## [REQUIRED ACTION]
Reproduce the listing in full, exactly as written, but without images.

## [SUPPLIED MATERIAL]

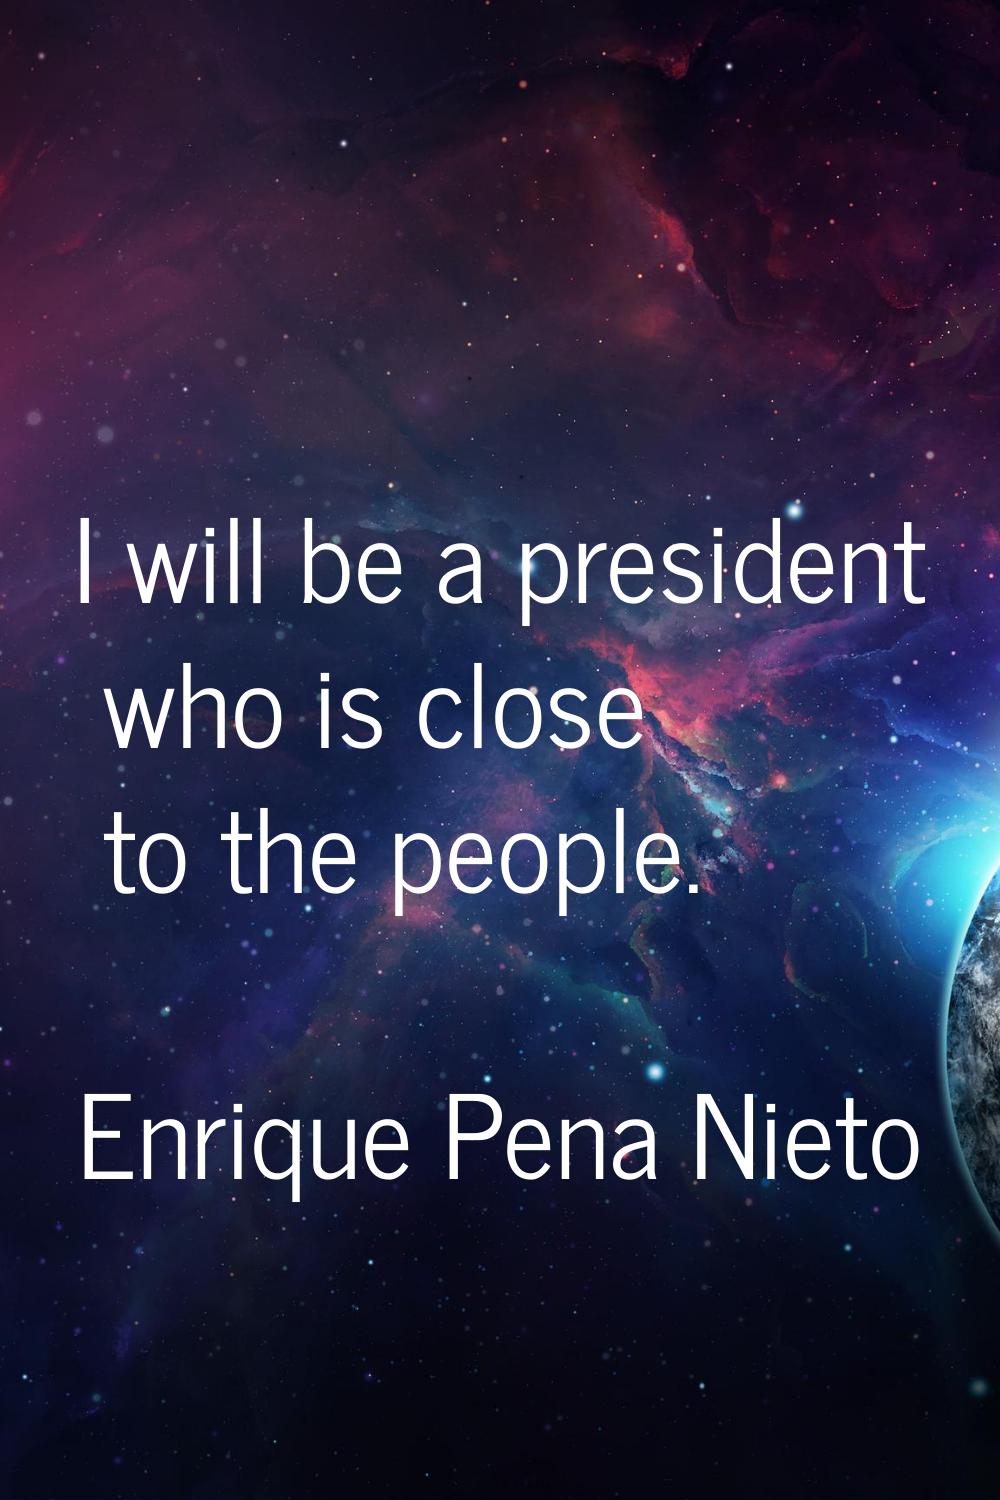 I will be a president who is close to the people.
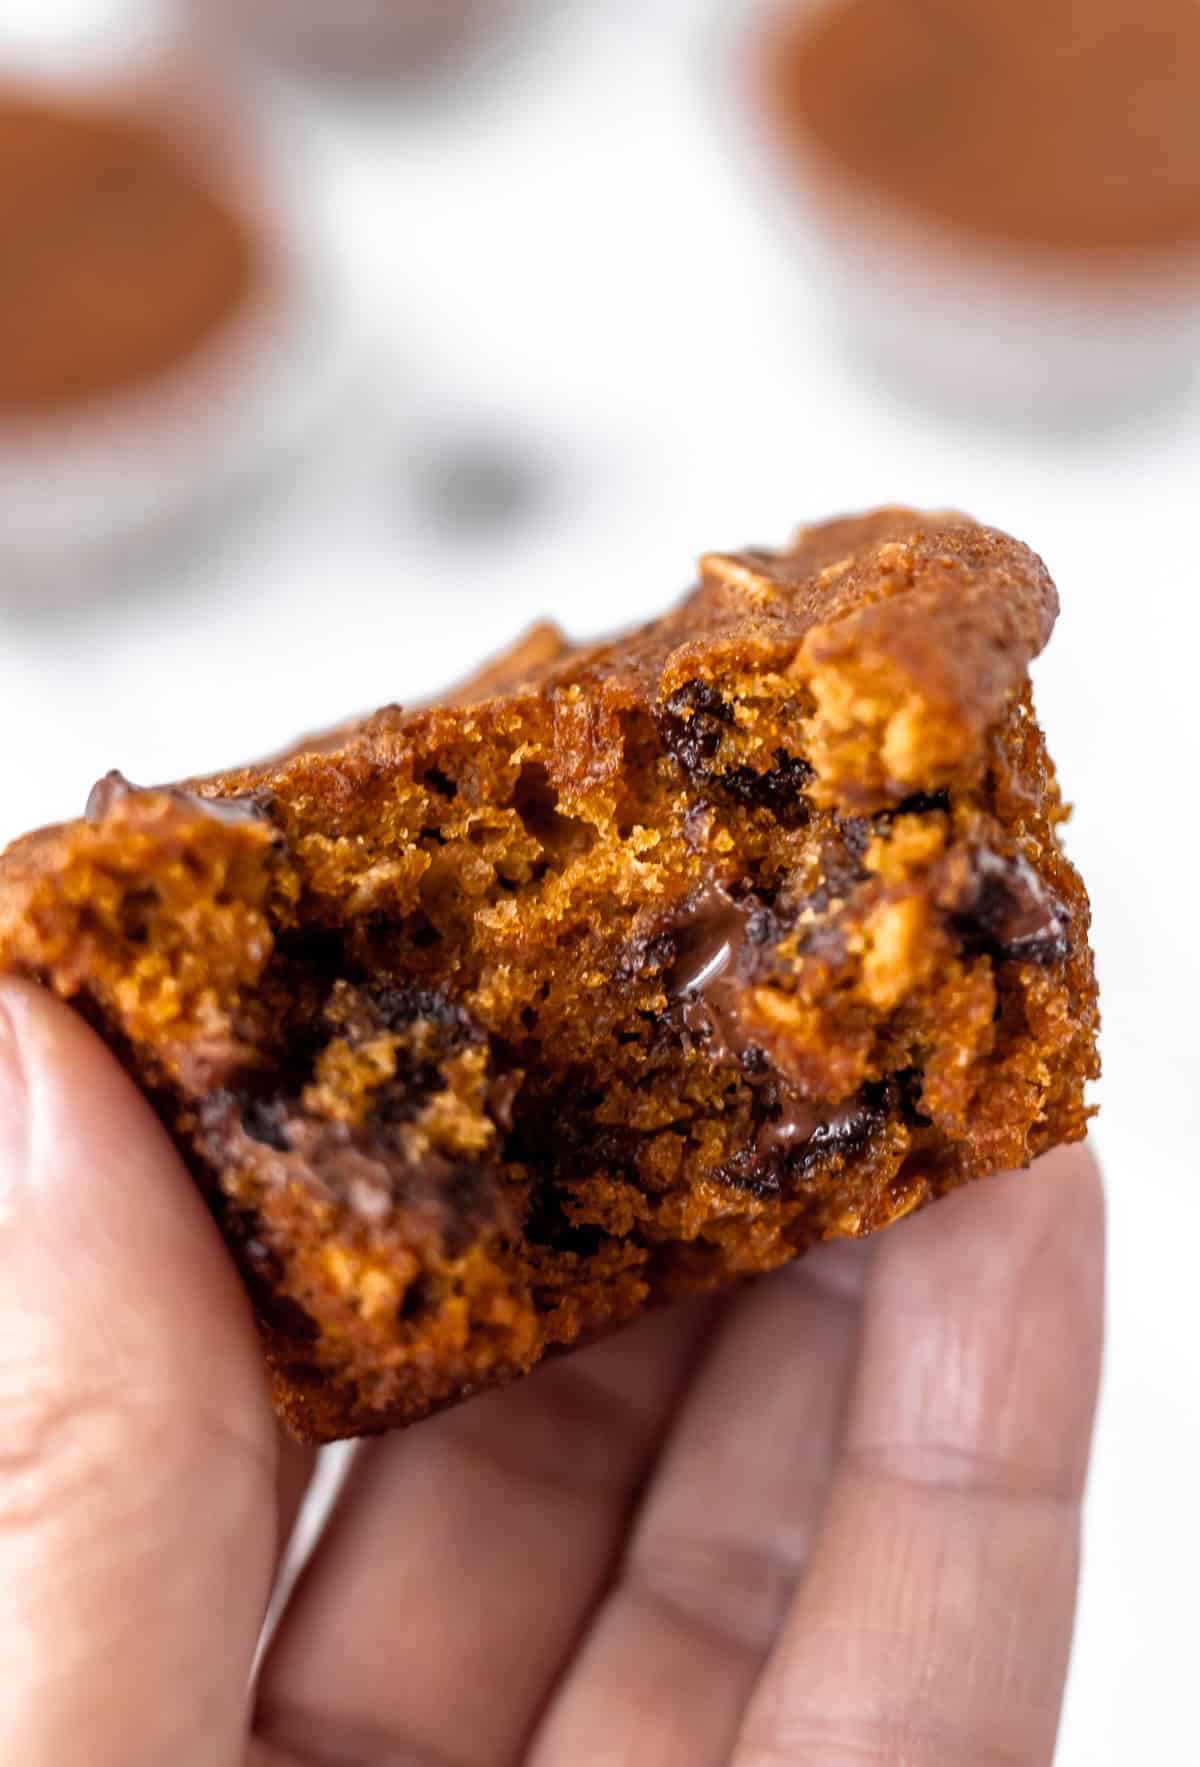 A hand holding up a pumpkin chocolate chip muffin with a bite taken out of it.
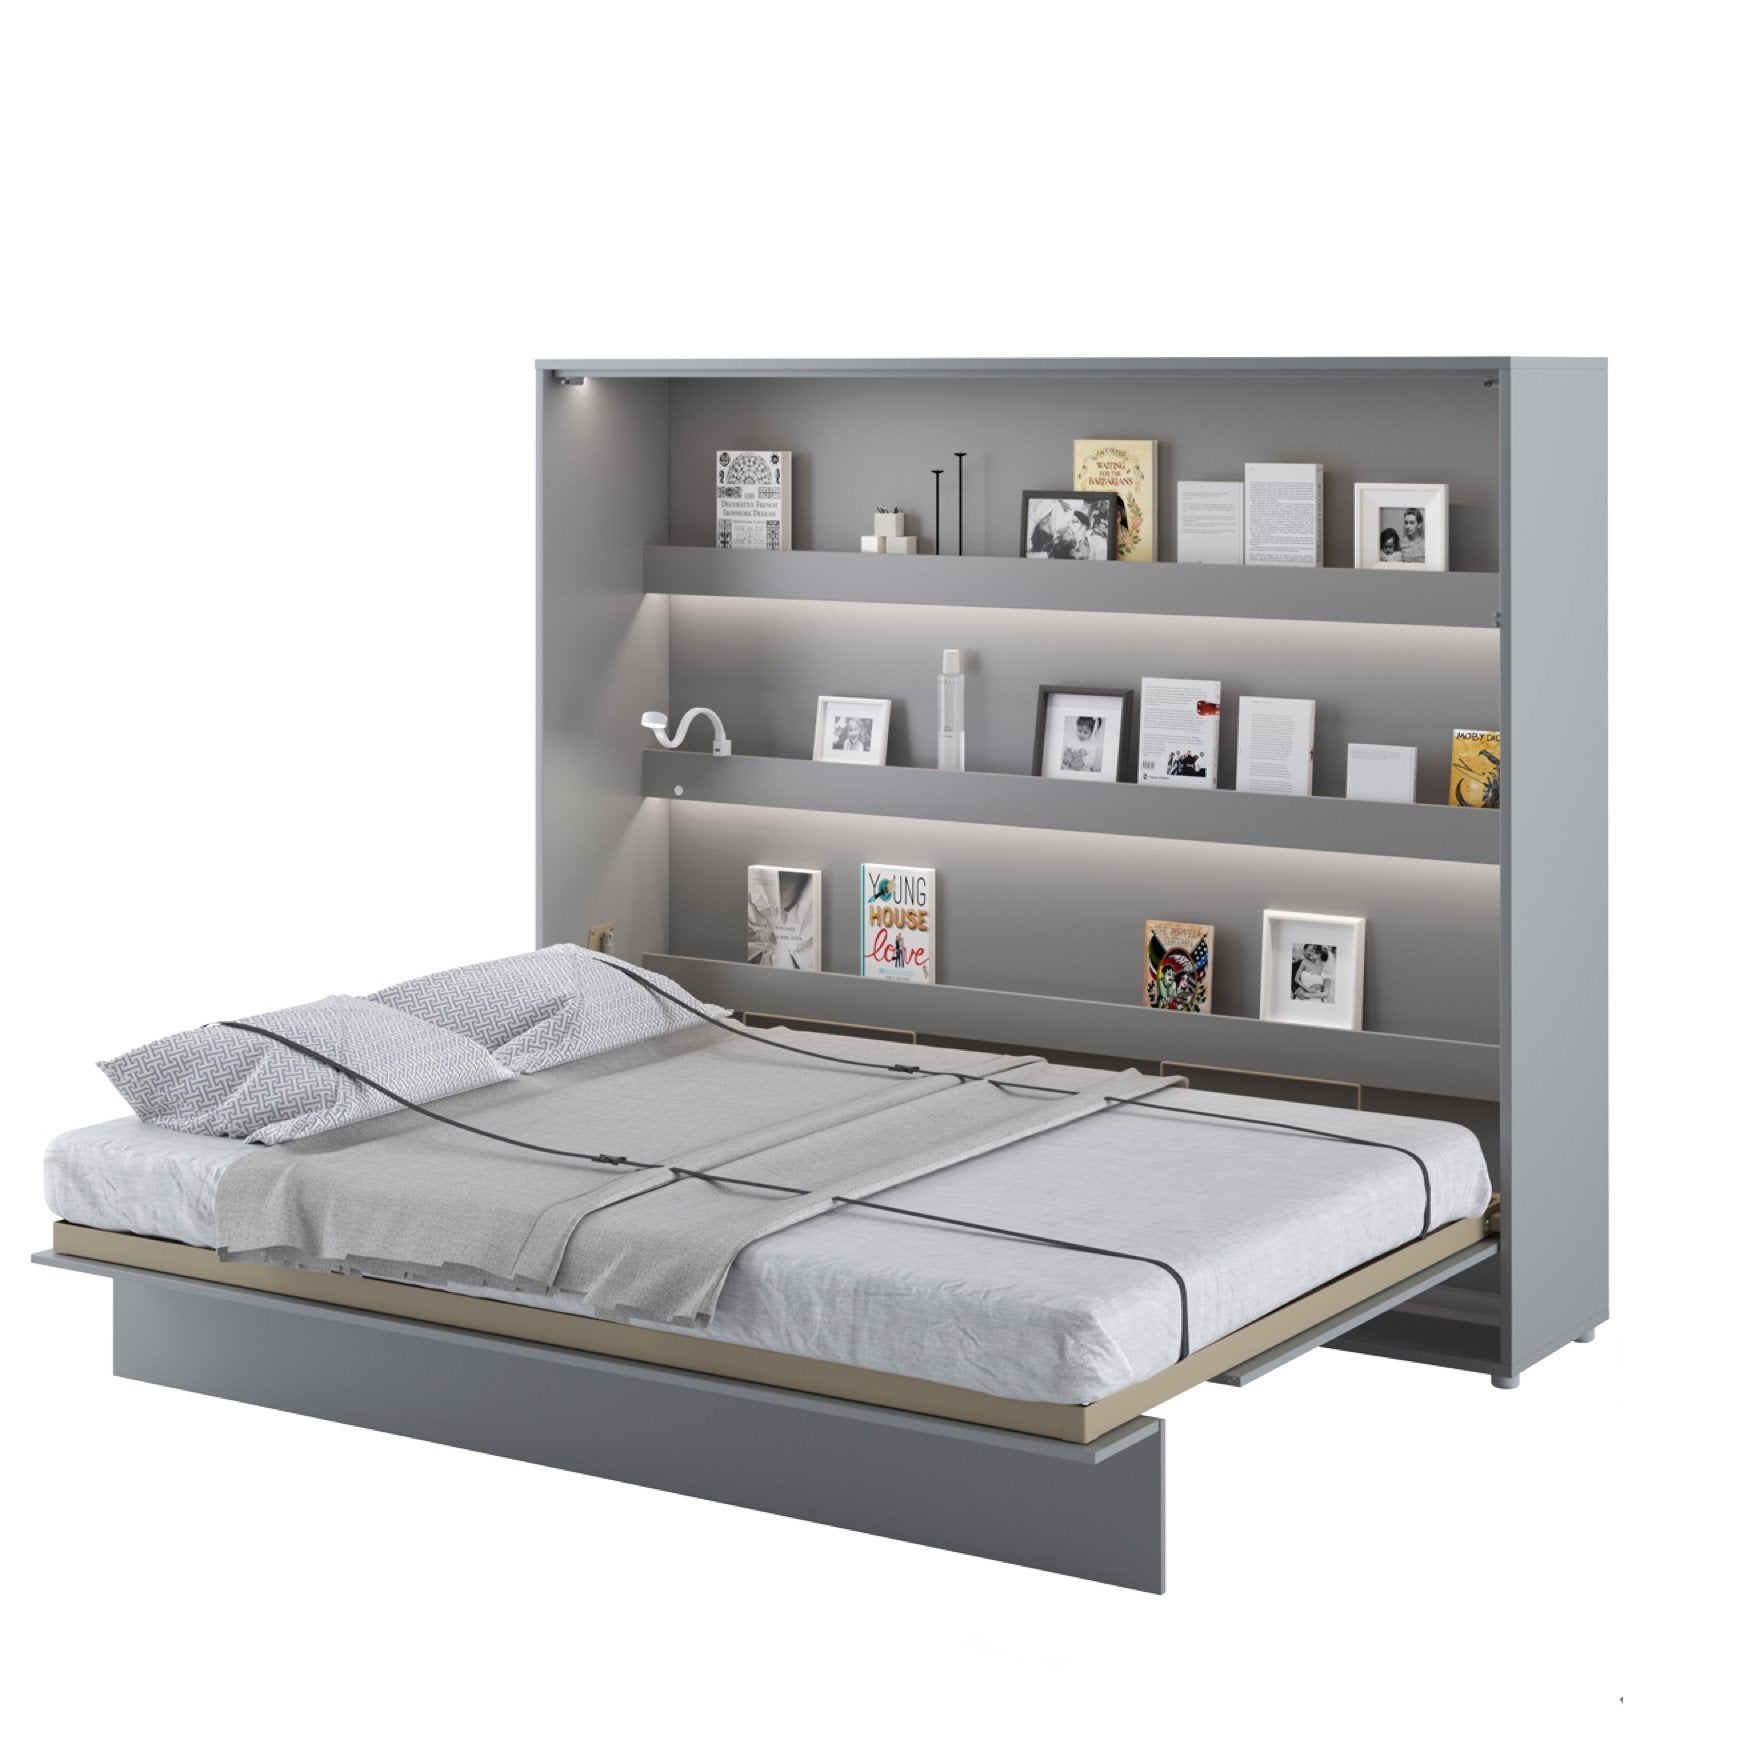 BC-14 Horizontal Wall Bed Concept 160cm - Furniture Gold
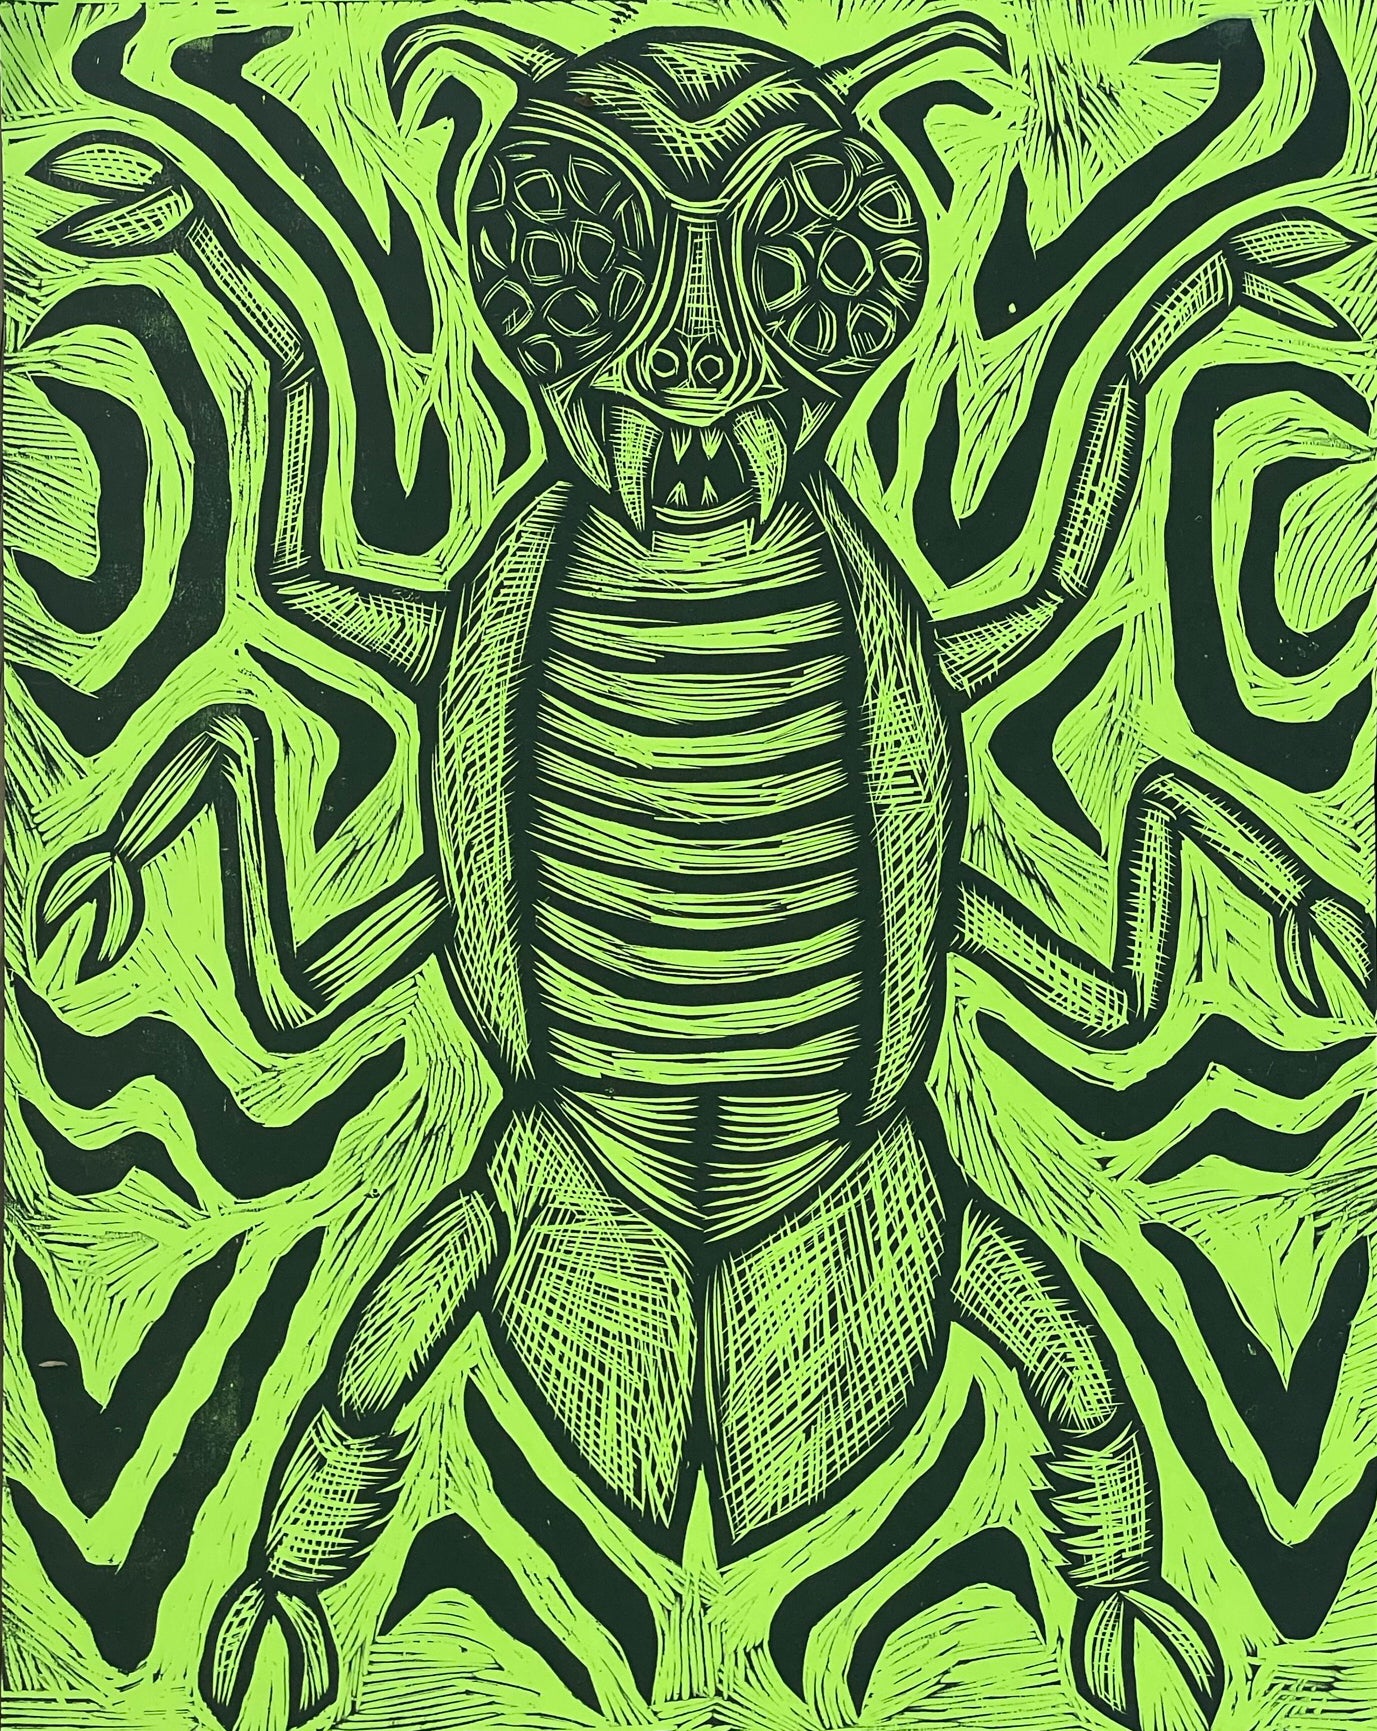 Sinister Ant Woodcut

## [WRITTEN SOLUTION]
 I will be a president who is close to the people.
 A hand holding up a pumpkin chocolate chip muffin with a bite taken out of it.
 BC-14 Horizontal Wall Bed Concept 160cm - Furniture Gold
 Sinister Ant Woodcut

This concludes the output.